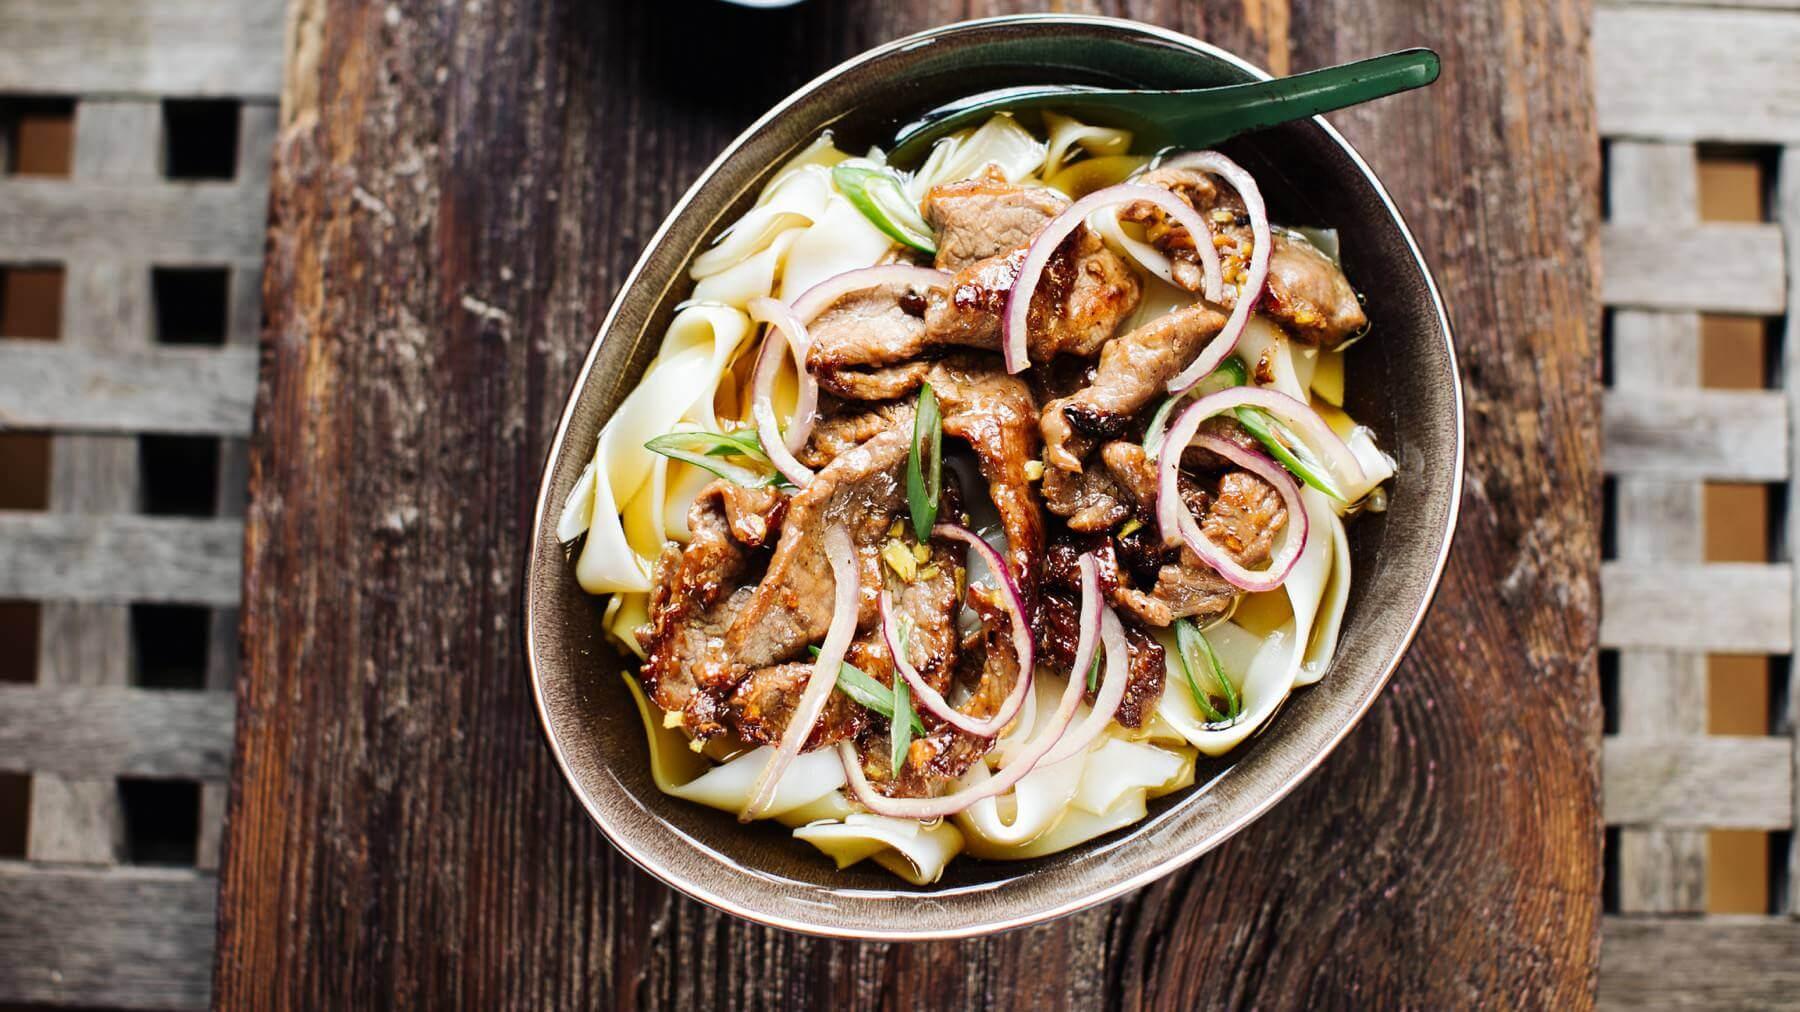 Vietnamesische Reisnudelsuppe mit Rindfleisch aus dem Wok
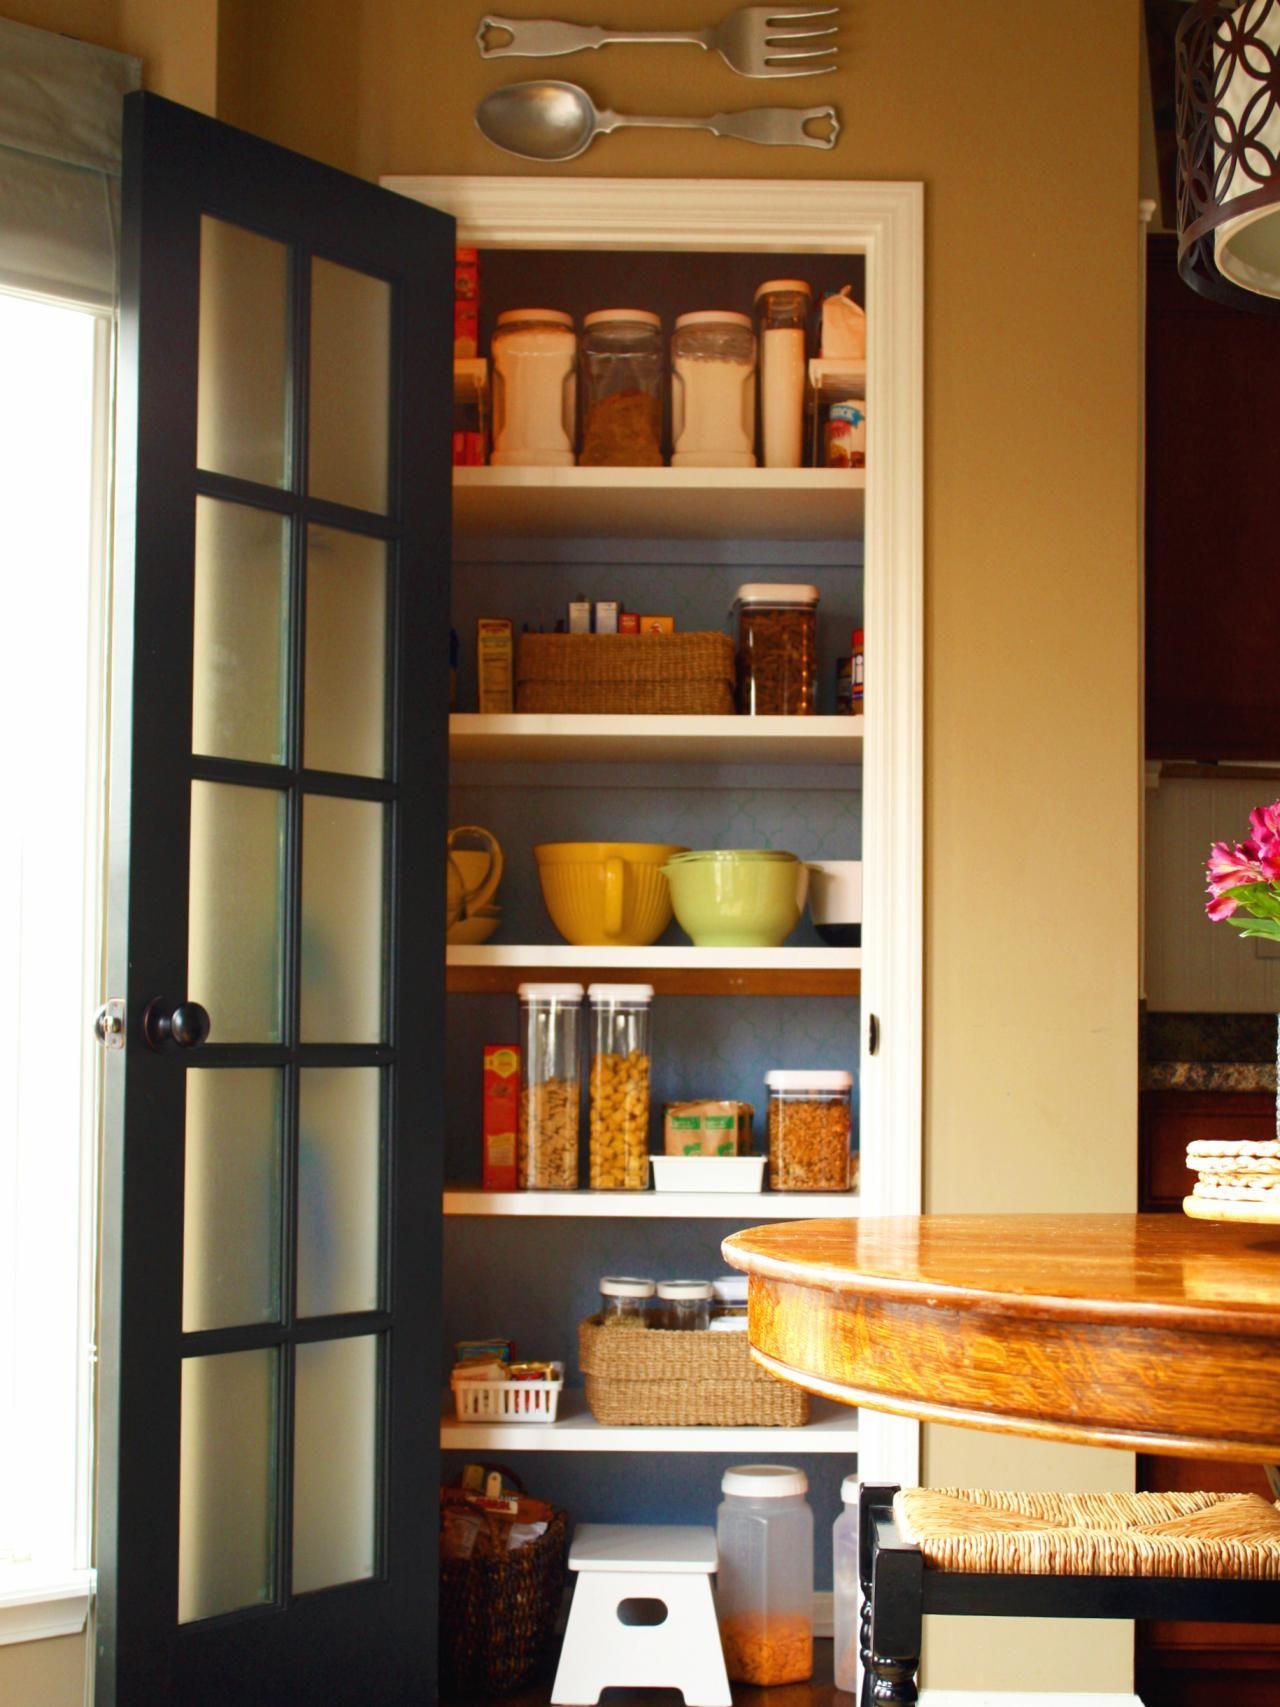 Ideen für küchenschränke ohne türen schiebe küche kabinett türen  auch die uförmigen geeignet für
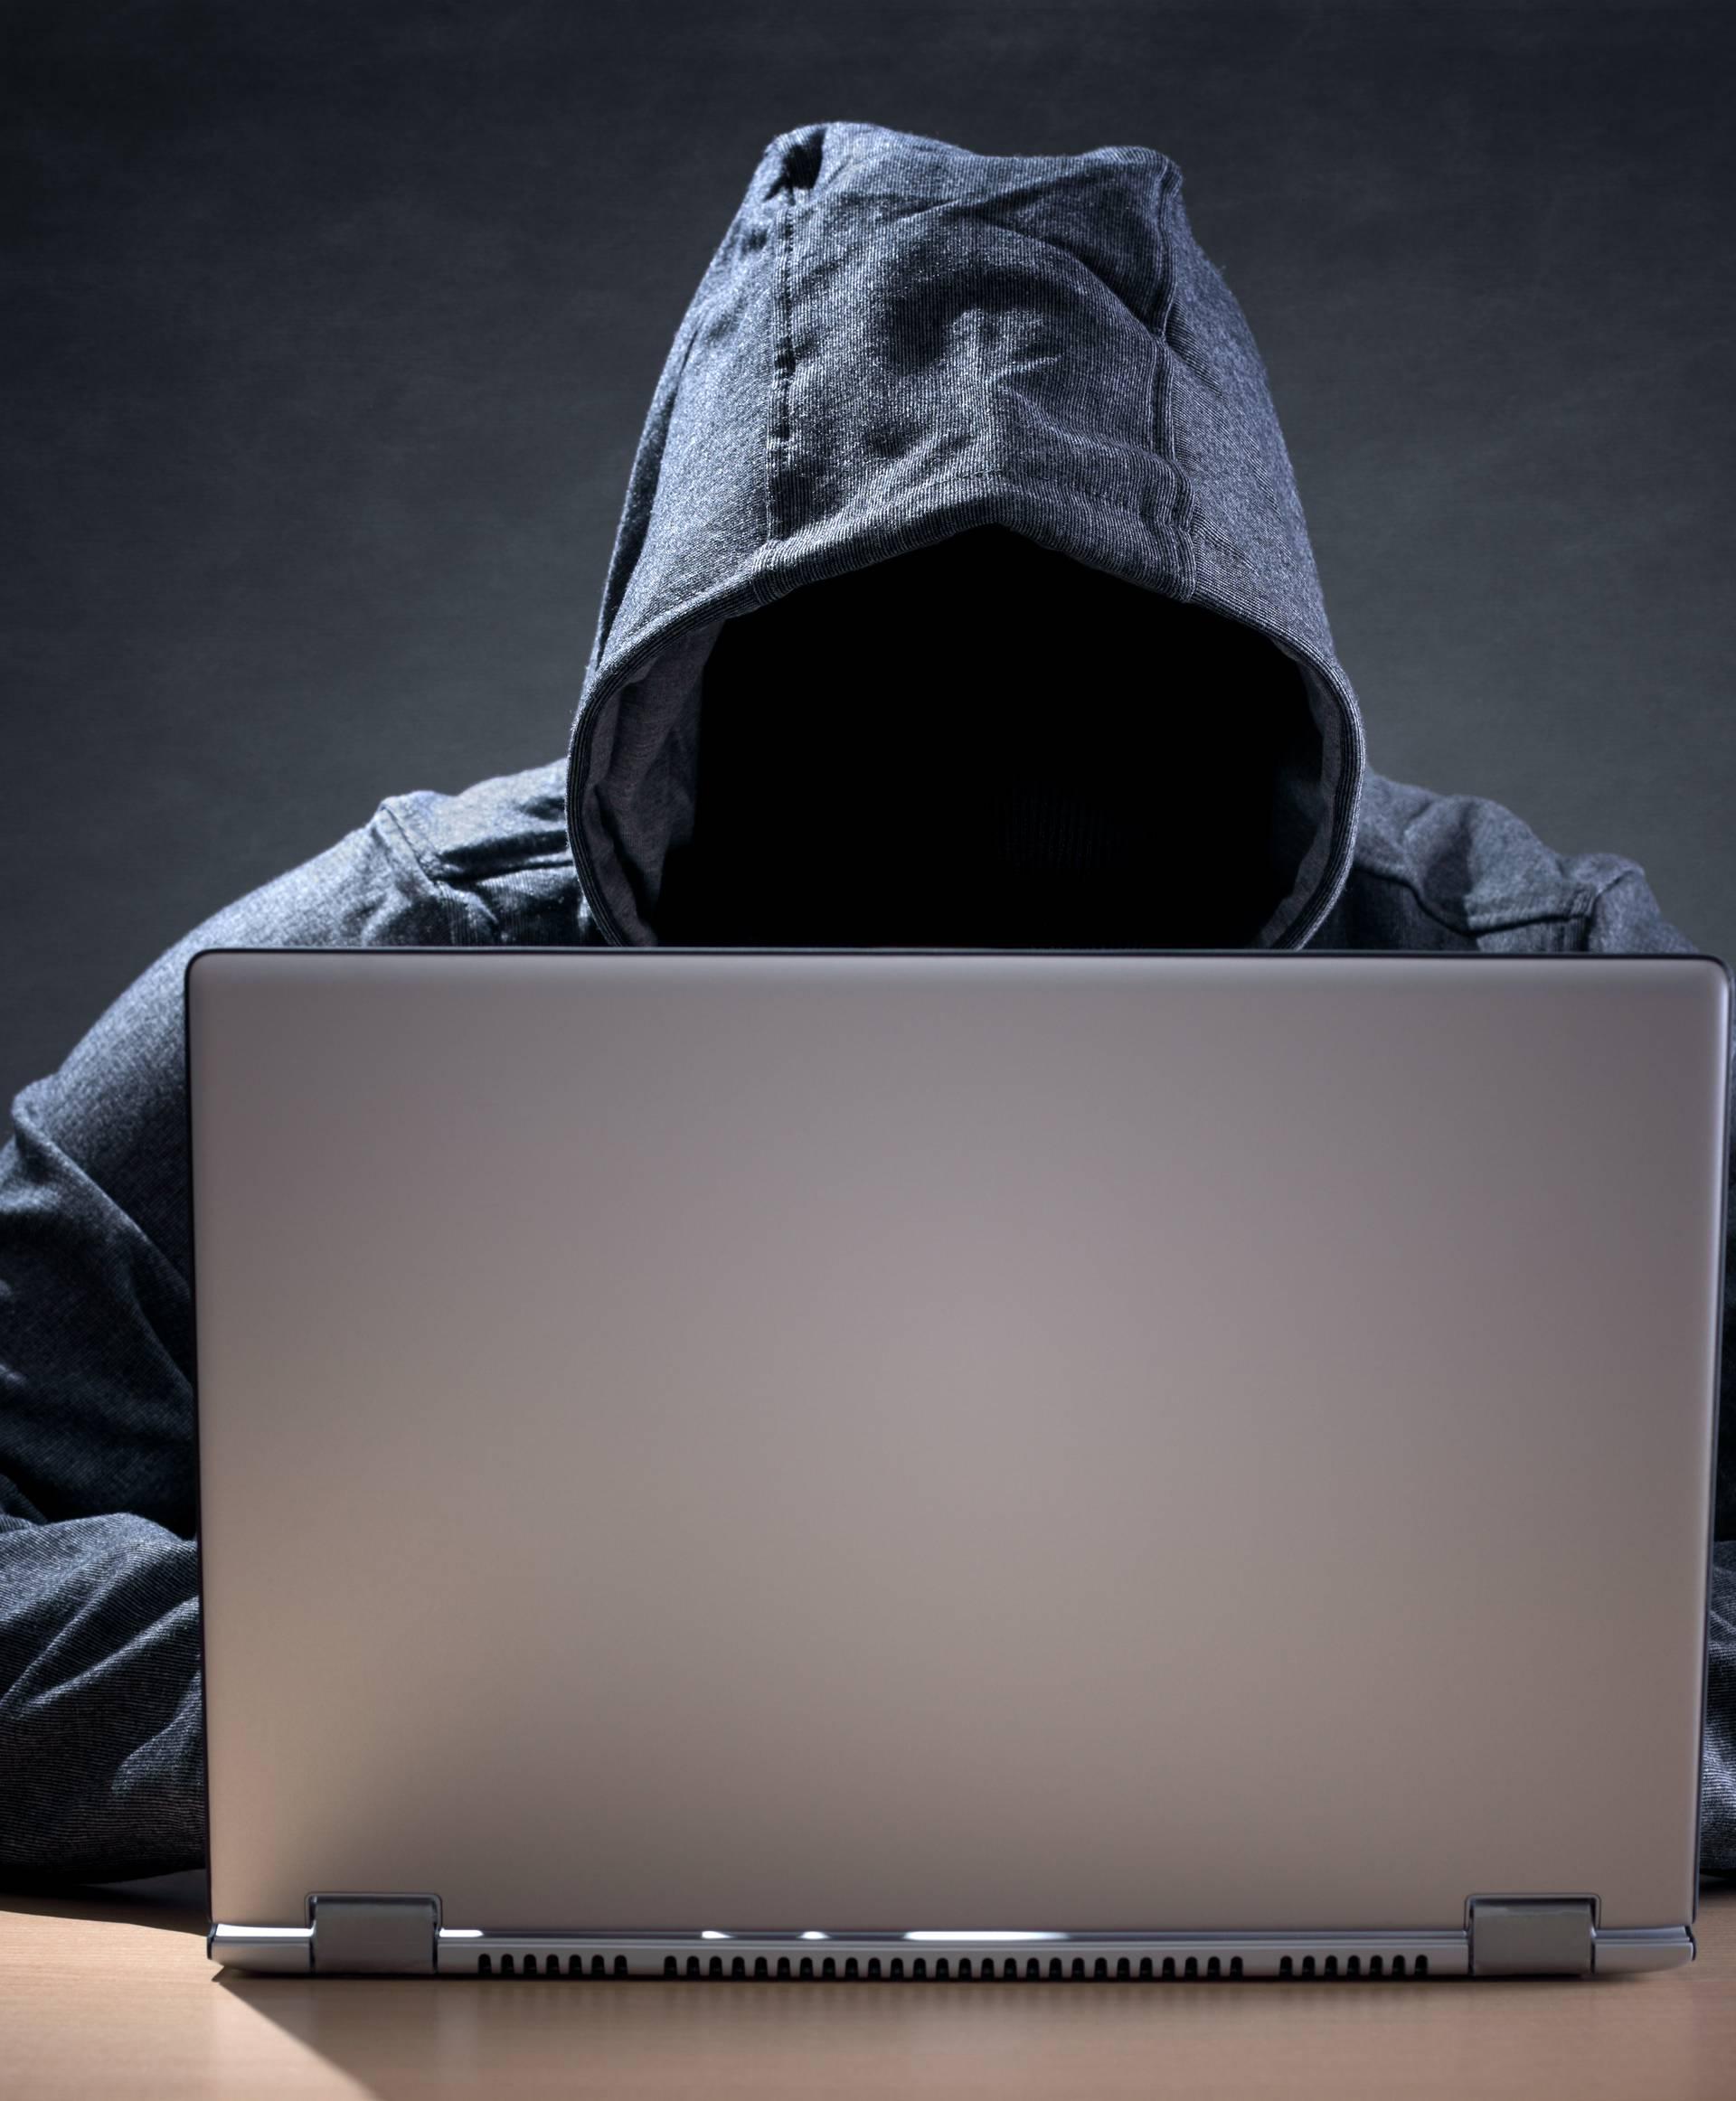 Hrvati primili ucjene na e-mail: 'Ne otvarajte sumnjive poruke'

**EXERCISE**
Reproduce the whole listing verbatim and keep all pictures out of it.

**ANSWER SECTION**
 Vietnamesische Reisnudelsuppe mit Rindfleisch aus dem Wok
 Ideen für küchenschränke ohne türen schiebe küche kabinett türen  auch die uförmigen geeignet für
 Hrvati primili ucjene na e-mail: 'Ne otvarajte sumnjive poruke'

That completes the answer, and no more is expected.